▶ **The task**
Directions for the data below: repeat exactly the lines from the one with "Sofa narożna tapicerowana" through the one with "1920s typewriter", both included, and omit all pictures.

▶ **Records for the task**
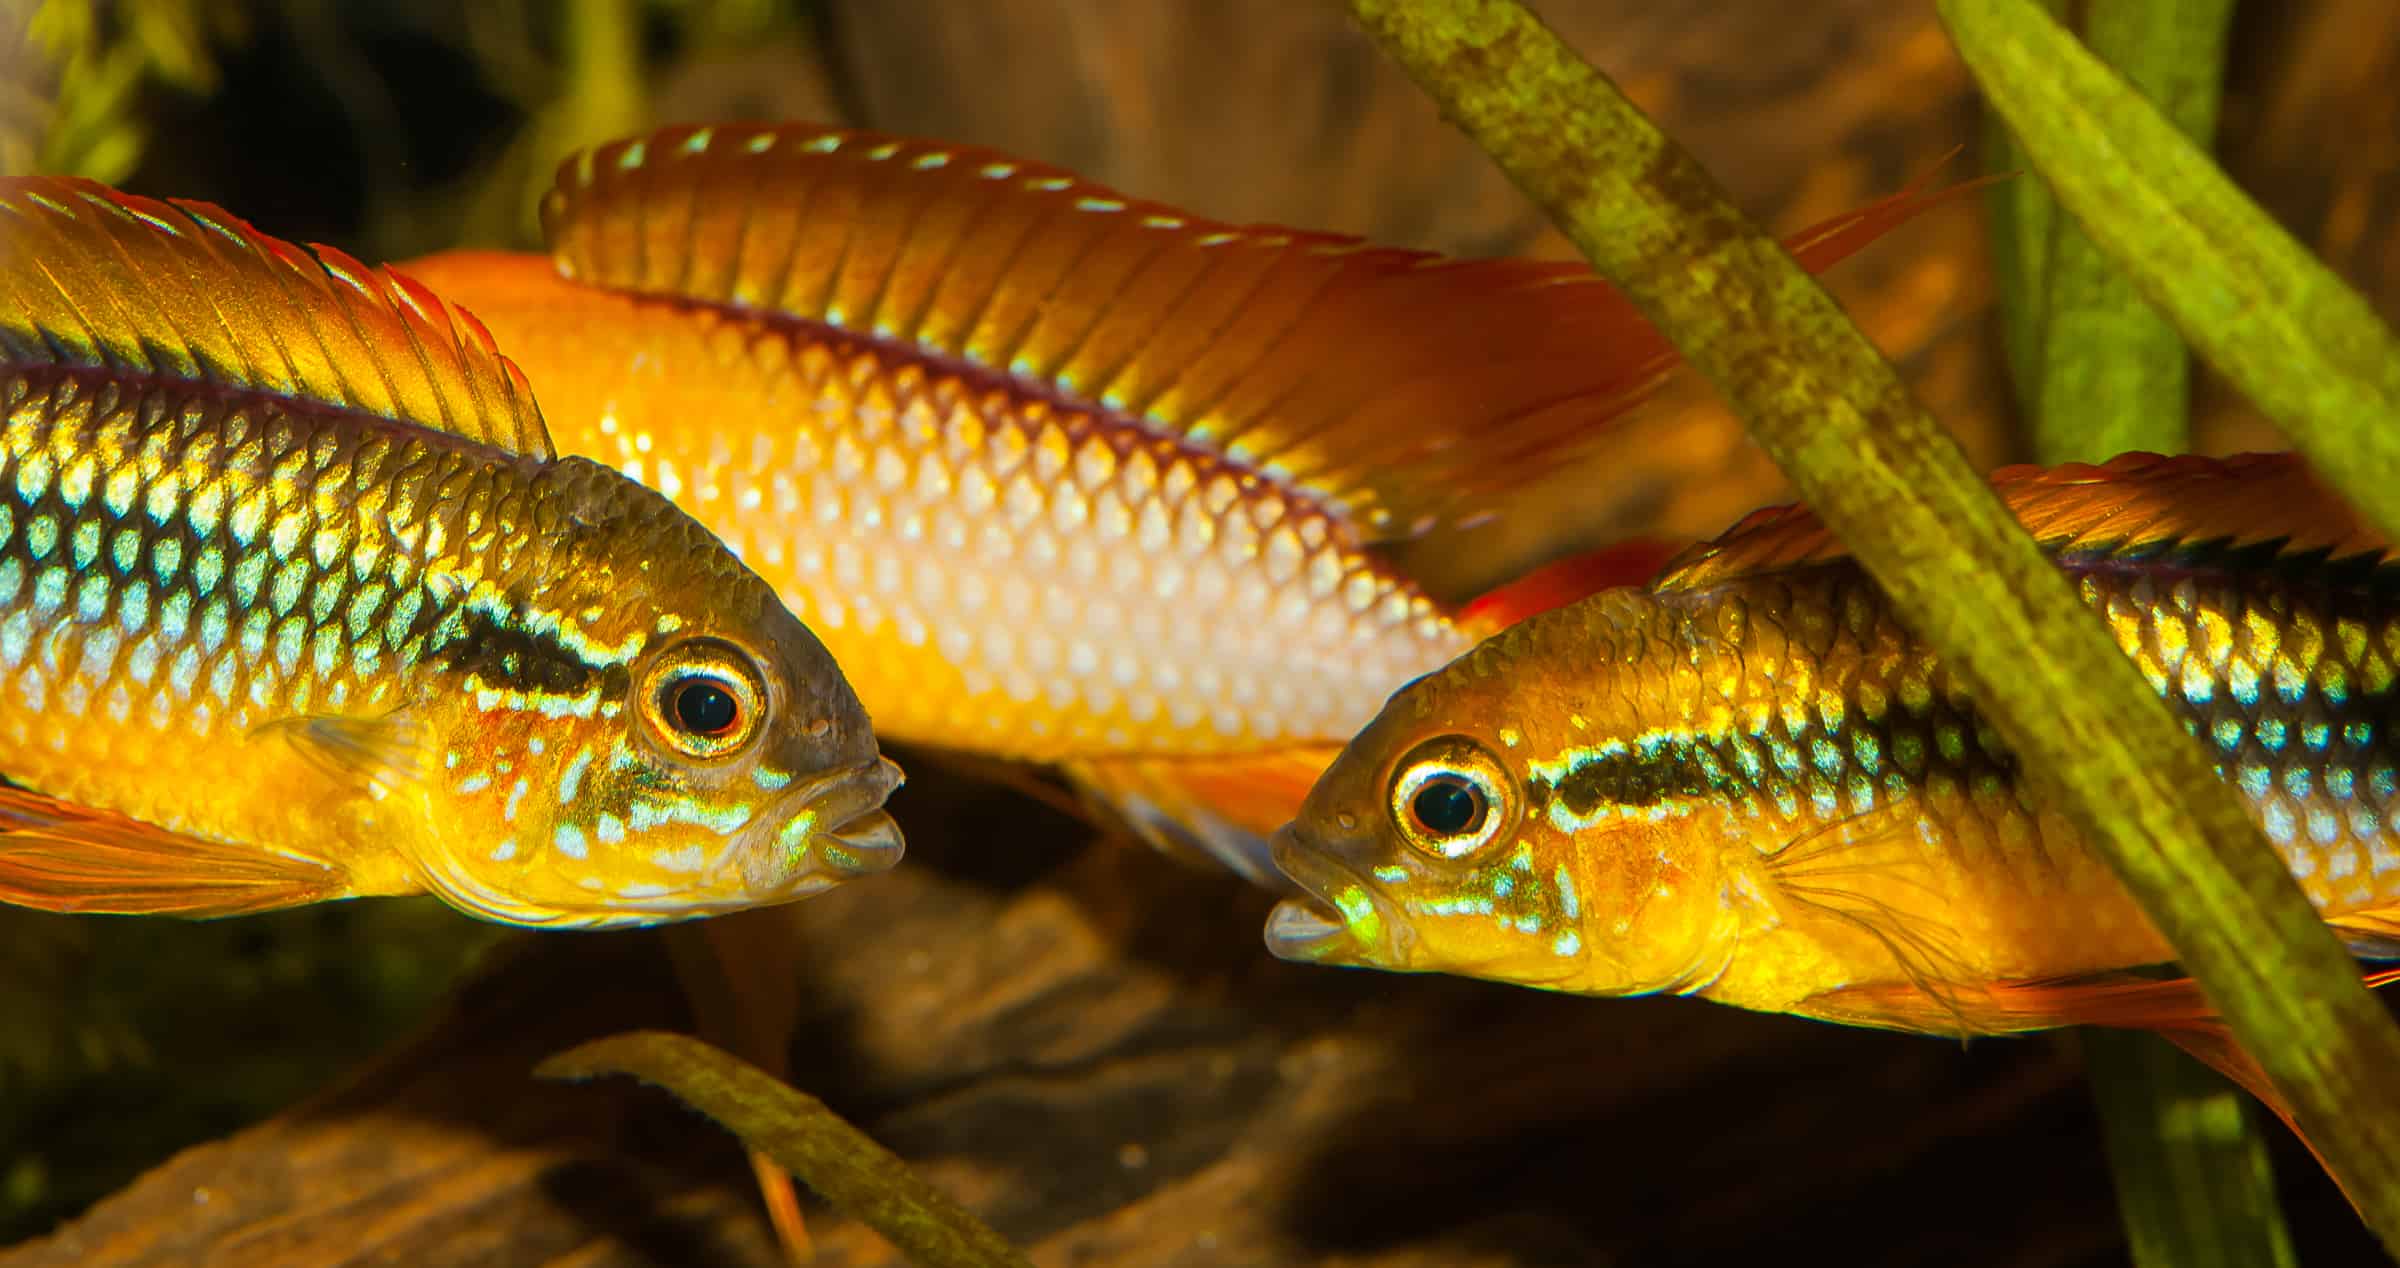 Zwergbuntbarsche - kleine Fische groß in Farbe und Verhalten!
---
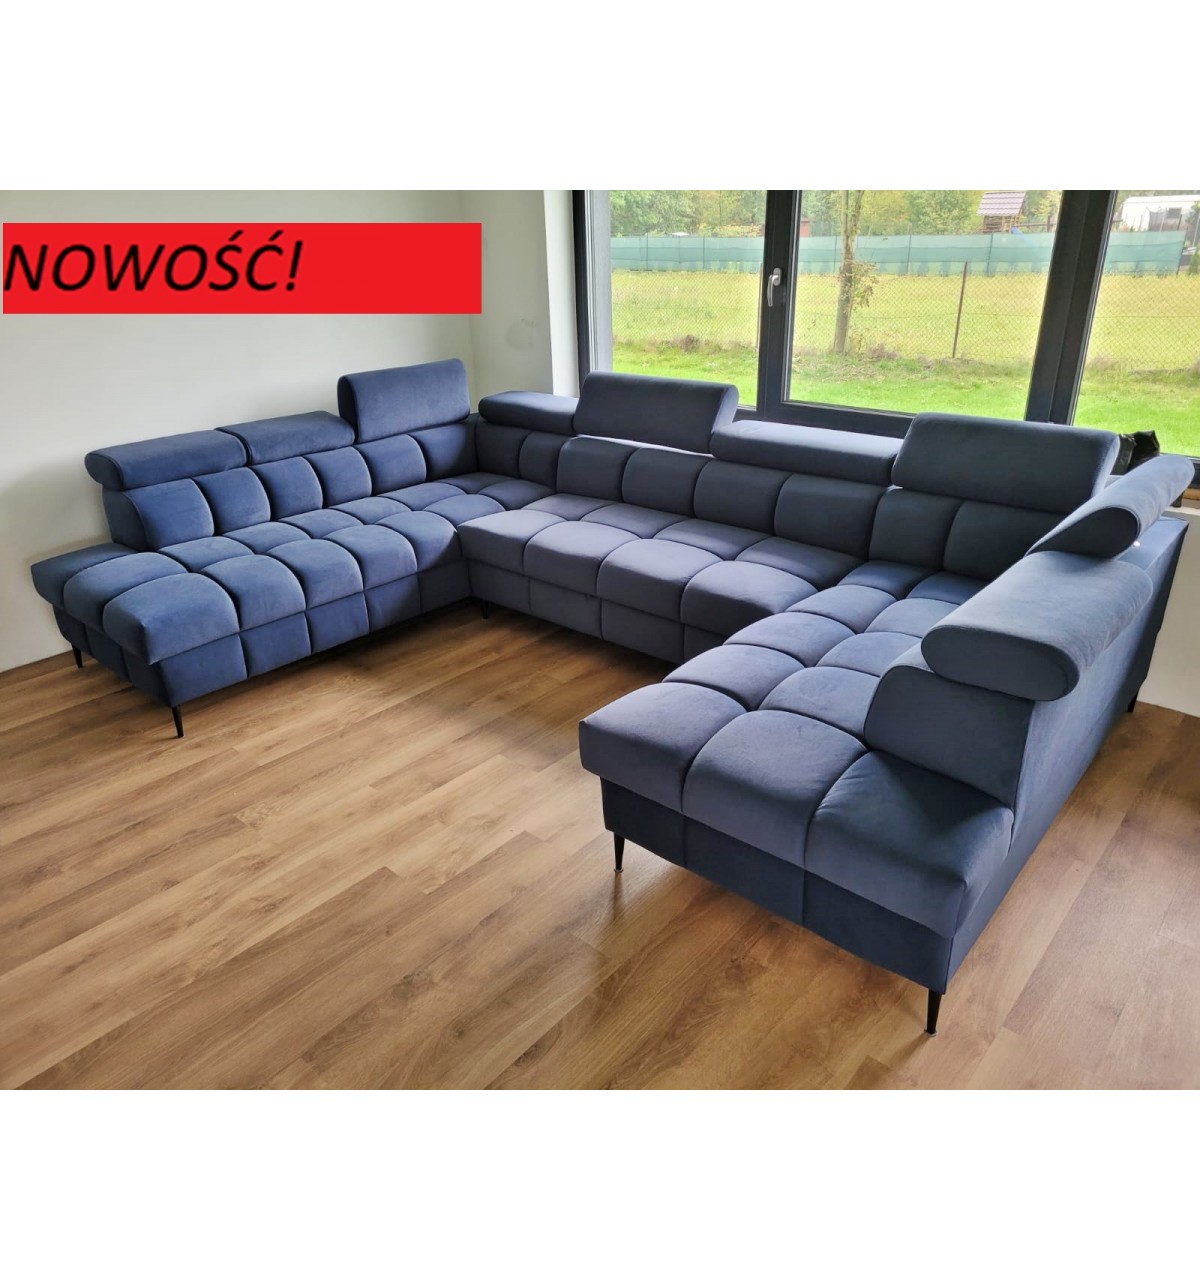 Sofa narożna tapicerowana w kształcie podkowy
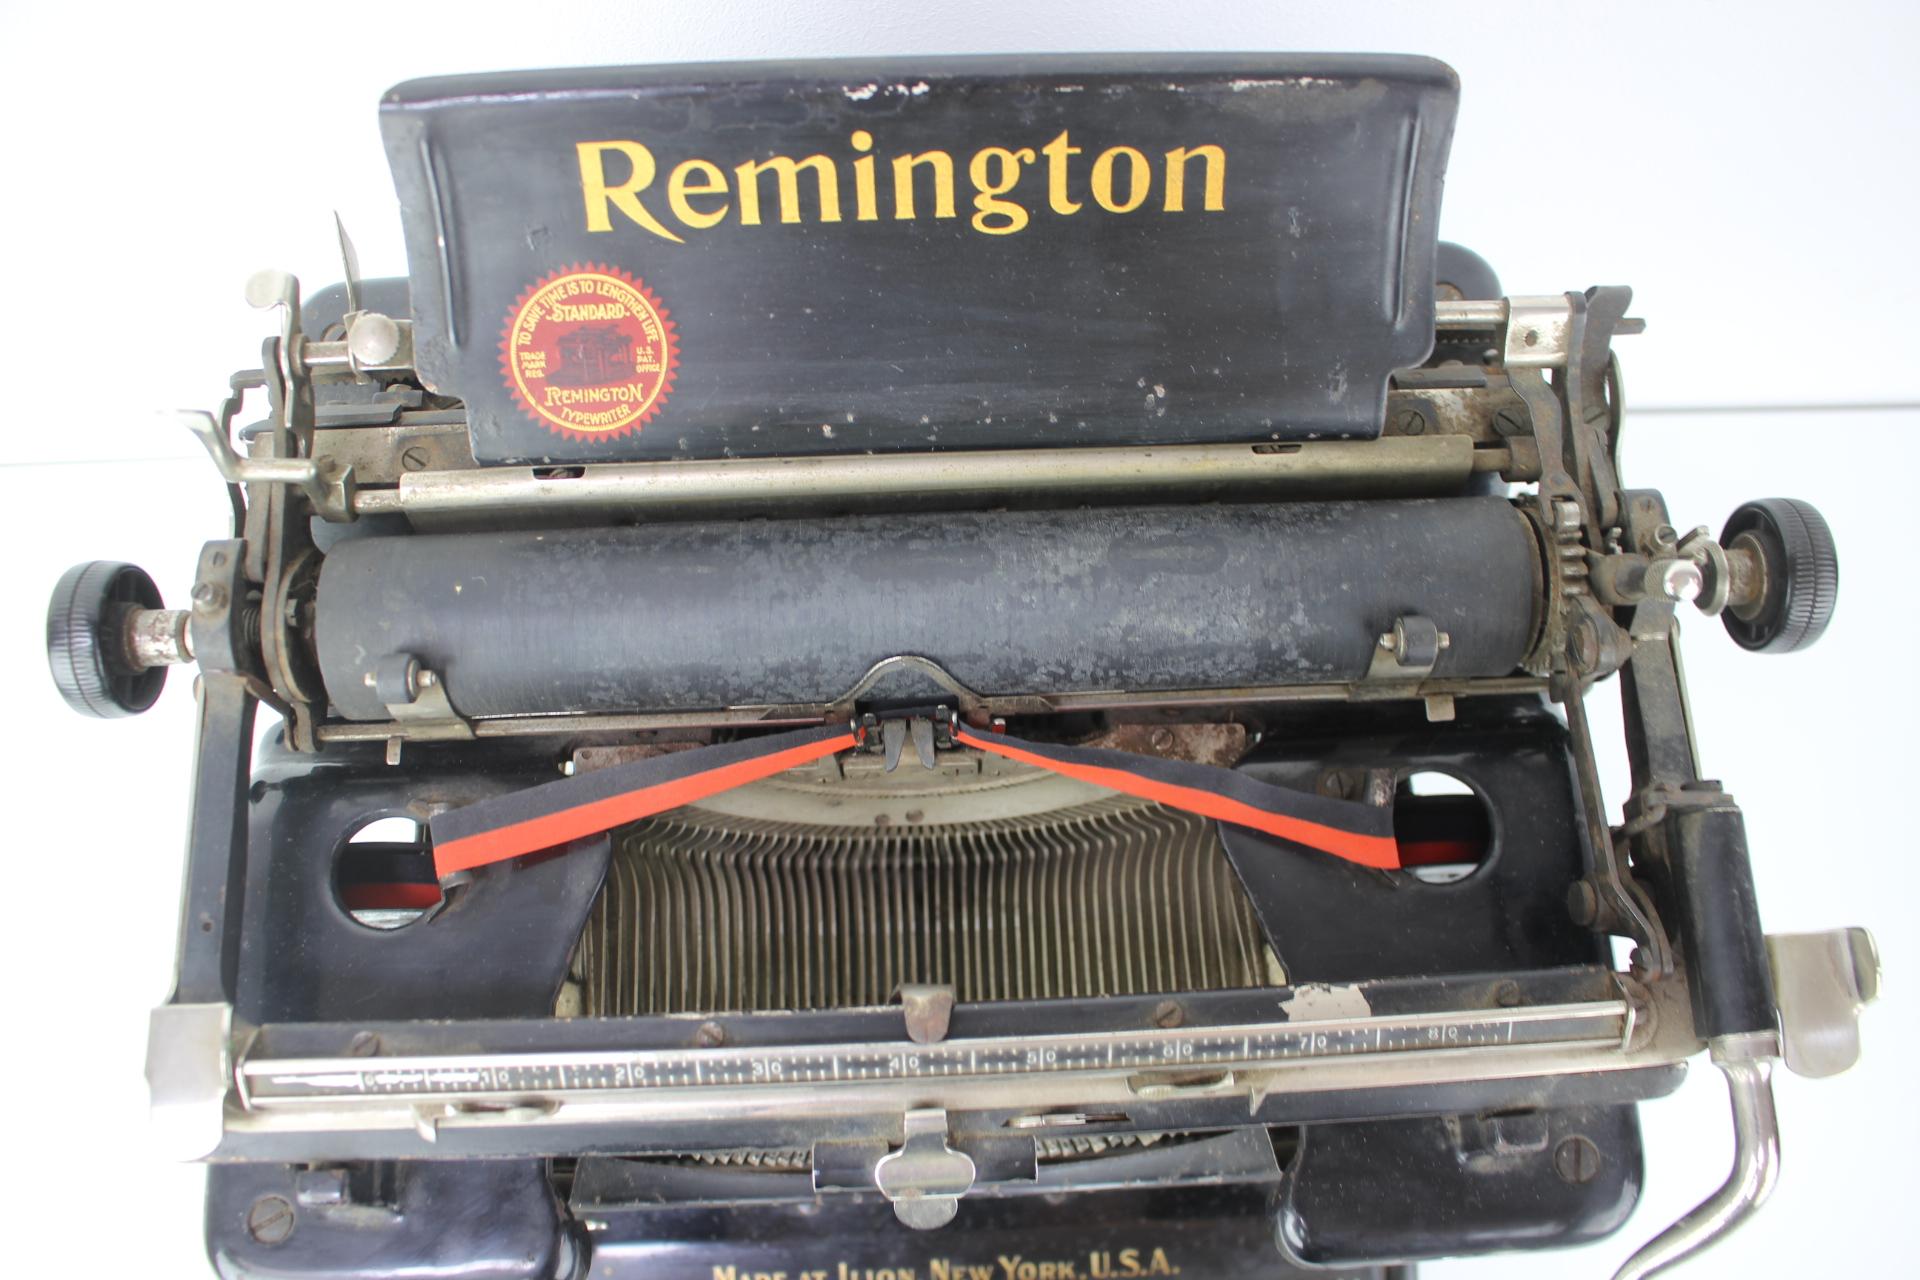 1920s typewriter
---
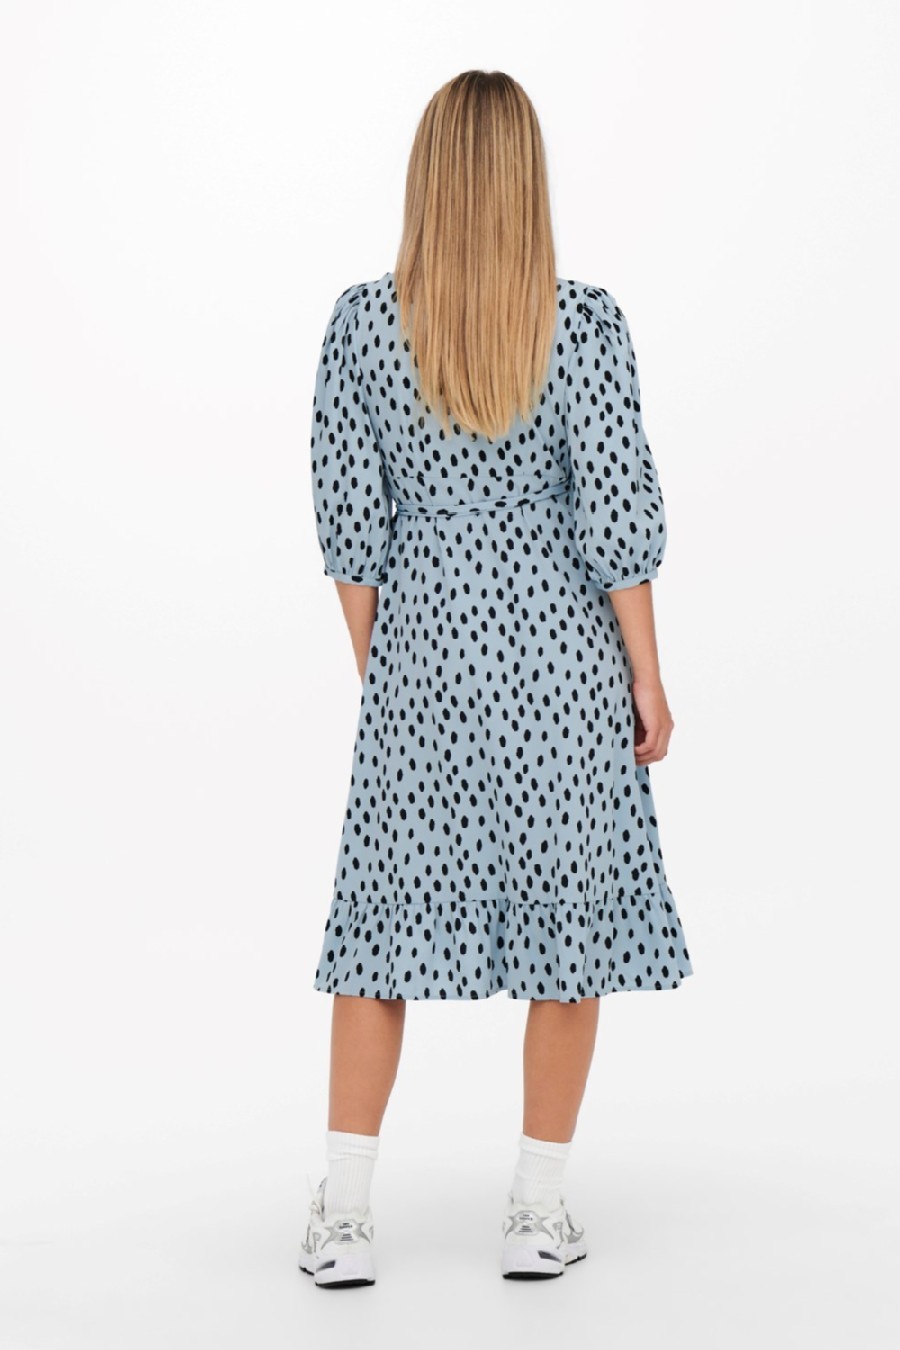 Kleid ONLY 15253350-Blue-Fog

▶ **Answer below**
 Sofa narożna tapicerowana w kształcie podkowy
 1920s typewriter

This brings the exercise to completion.